On a lazy sunday evening I decided to cook some soul food. Hence I came up with the following recipe. You can replace the parsley with cilantro or mint. You can replace the cauliflower by broccoli or kale. The quantities are estimates, I used these and have enough food for 3 to 4 meals :-).

I’ve shared the recipe for the roasted cauliflower before here.
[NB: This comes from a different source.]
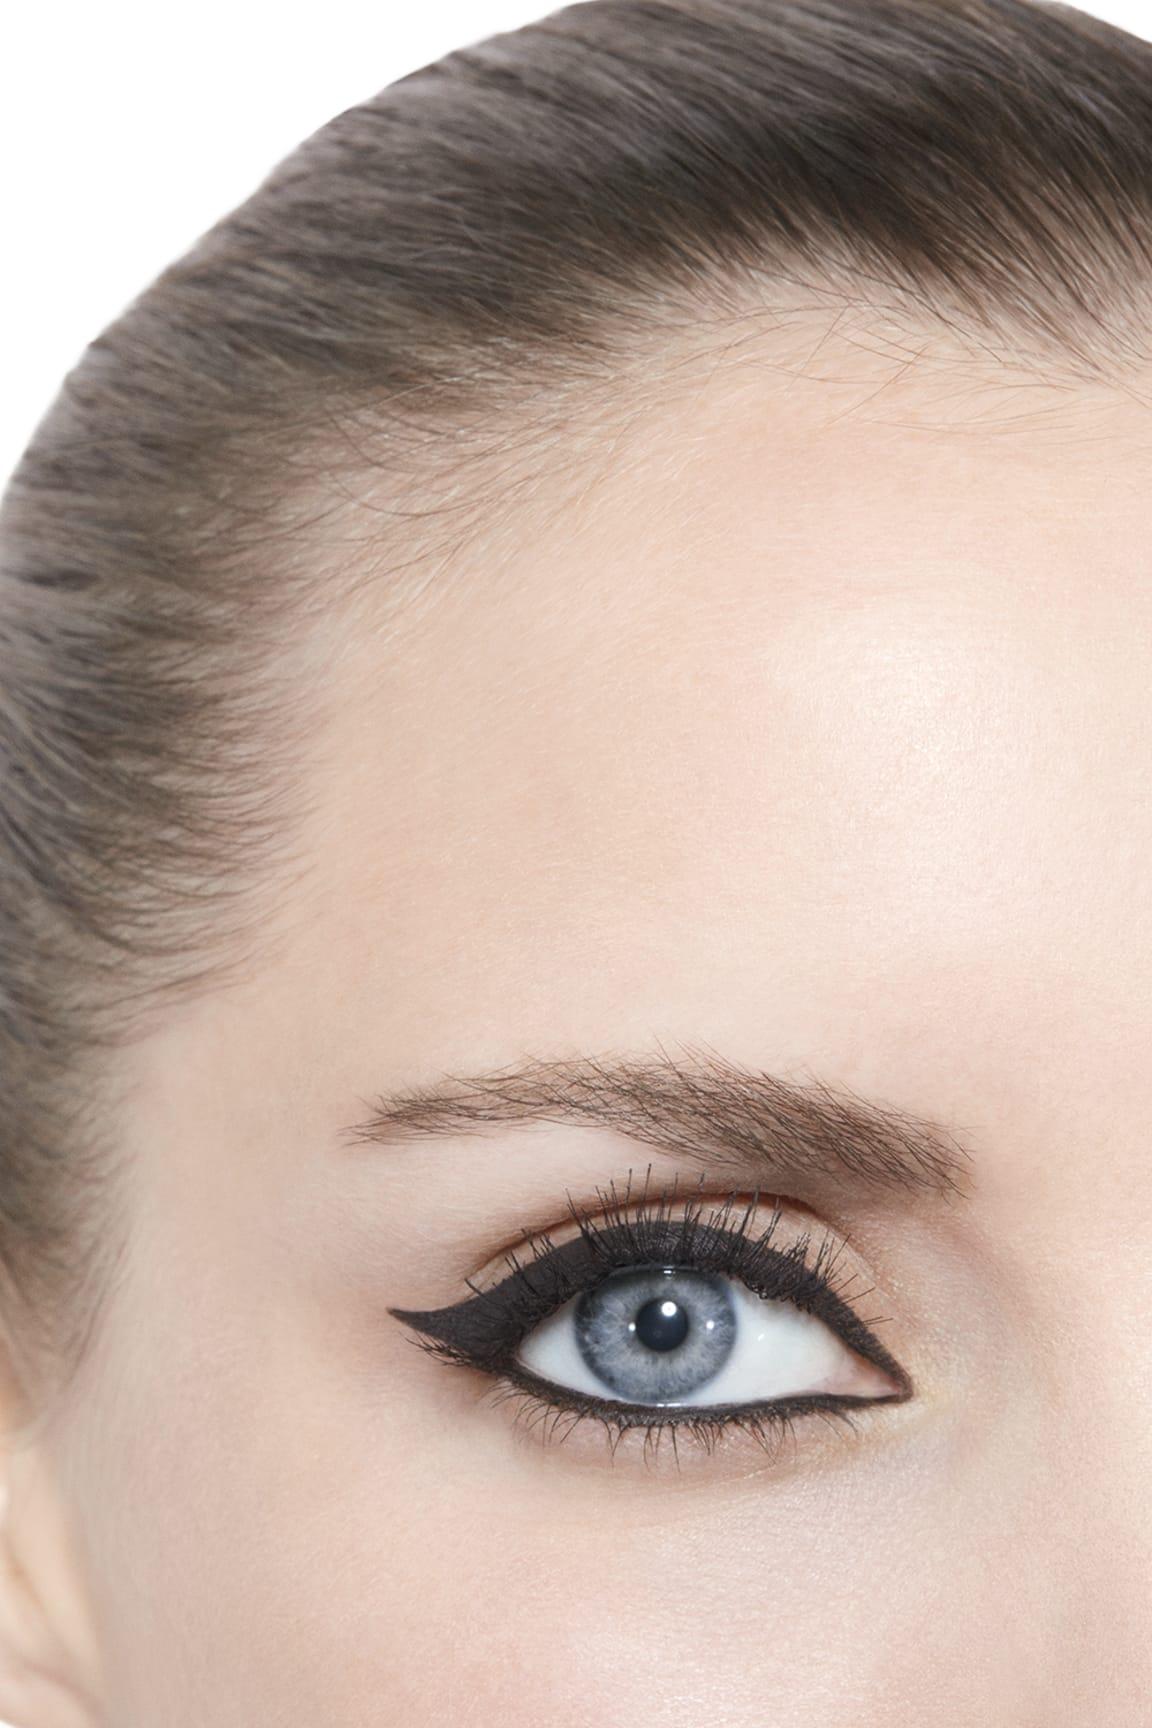 Application makeup visual 3 - CALLIGRAPHIE DE CHANEL 65 - HYPERBLACK
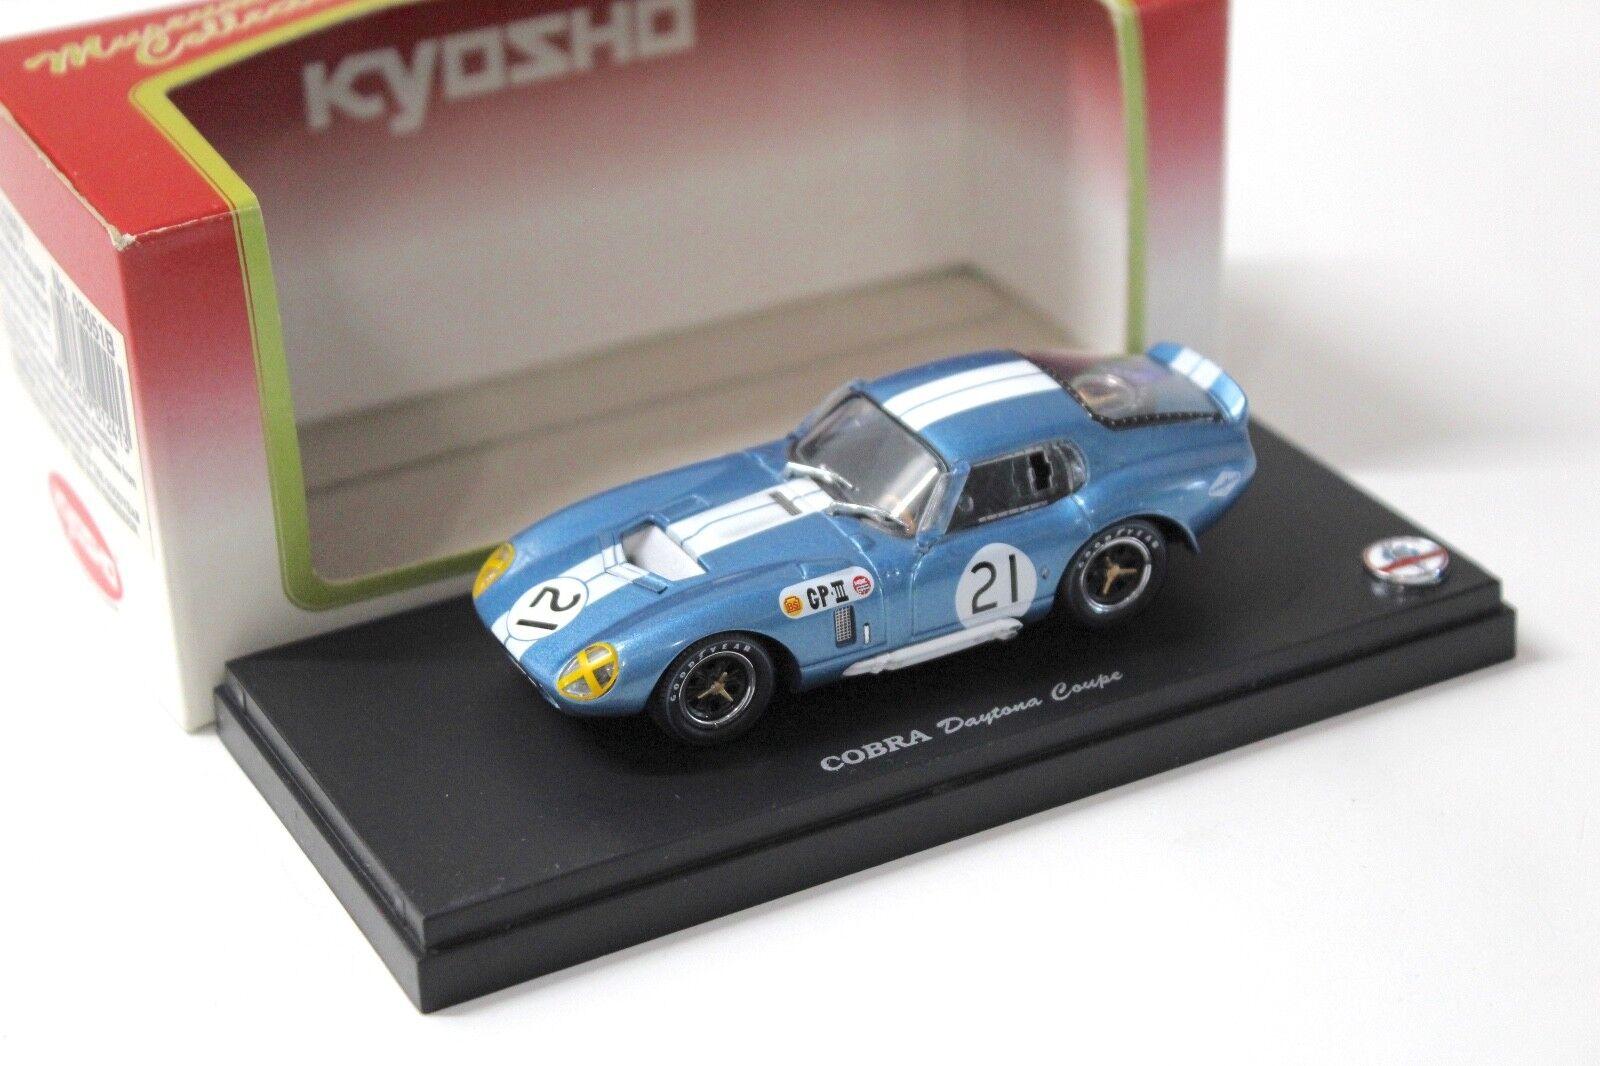 1 43 Kyosho Shelby Cobra Daytona Daytona Daytona coupé Japon GP  21 New chez Premium-modelcars 526708

You can make the tahini dressing in a larger quantity, it stays well for a couple of days (or even a week) if you keep it in the fridge and tastes great on a variety of dishes (in wraps, on salads, …).

Ingredients (4P)

  • 1 cup of quinoa
  • 1 cm ginger root (or more)
  • 1 or 2 garlic cloves (optional)
  • Coconut oil
  • 1 cauliflower
  • Spices mix (garam masala, turmeric, cinnamon, paprika, cumin, …), about 1 tsp of each of the herbs of your choice
  • Black pepper
  • Salt
  • Olive oil
  • Fresh parsley
  • 1 cup of lentils (I used brown lentils)
  • 1 tsp of summer savory (dried herbs, to improve digestion)
  • 2 tsp of tahin
  • Juice of 1/2 a lemon (1 to 2 tsp)

Preparation

  1. quinoa lentils cauliflower tahiniCut the cauliflower in florets (equal size) and wash
  2. Prepare the spice mix for the cauliflower: mix enough olive oil with the spice mix to coat all the cauliflower florets, add some salt & pepper, leave to soak in the spice mix for about 15′
  3. Rinse the quinoa
  4. Rinse the lentils
  5. Boil water (2 cups for the quinoa and the lentils each)
  6. Preheat the oven at 180°
  7. Put the cauliflower florets on a baking sheet in the oven for about 30′, turn the florets after about 15′
  8. Meanwhile, add 2 cups of boiling water to the lentils, add the summer savor herbs and leave to simmer until all the water is absorbed (about 20′), add salt only when the lentils are cooked
  9. Peel and cut the ginger & garlic, stir fry in some coconut oil
  10. Add the rinsed quinoa and stir for 1 or 2 minutes, add some salt (if desired)
  11. Add the boiling water to the quinoa mixture and leave to simmer until all the water is absorbed (about 20′)
  12. Wash the parsley and cut using scissors
  13. Mix the tahin with 1 or 2 tsp of lemon juice and 2 to 4 tbsp of water to obtain the desired consistency. If it’s too thin, add more tahin, if it’s too thick, add more water. You can add a pinch of salt & some pepper
  14. Blend the lentils in with the cooked quinoa, add the parsley, decorate with the roasted cauliflower florets and sprinkle the tahini dressing on top.

Health benefits of tahini

  1. t’s rich in minerals such as phosphorus, lecithin, magnesium, potassium and iron.
  2. It’s a good source of Methionine, which aids in liver detoxification.
  3. It’s one of the best sources of calcium out there.
  4. It’s high in vitamin E and vitamins B1, B2, B3, B5 and B15.
  5. Helps to promote healthy cell growth.
  6. Prevent anemia.
  7. Helps to maintain healthy skin and muscle tone.
  8. It has 20% complete protein, making it a higher protein source than most nuts.
  9. It’s easy for your body to digest because of its high alkaline mineral content, which is great for assisting in weight loss.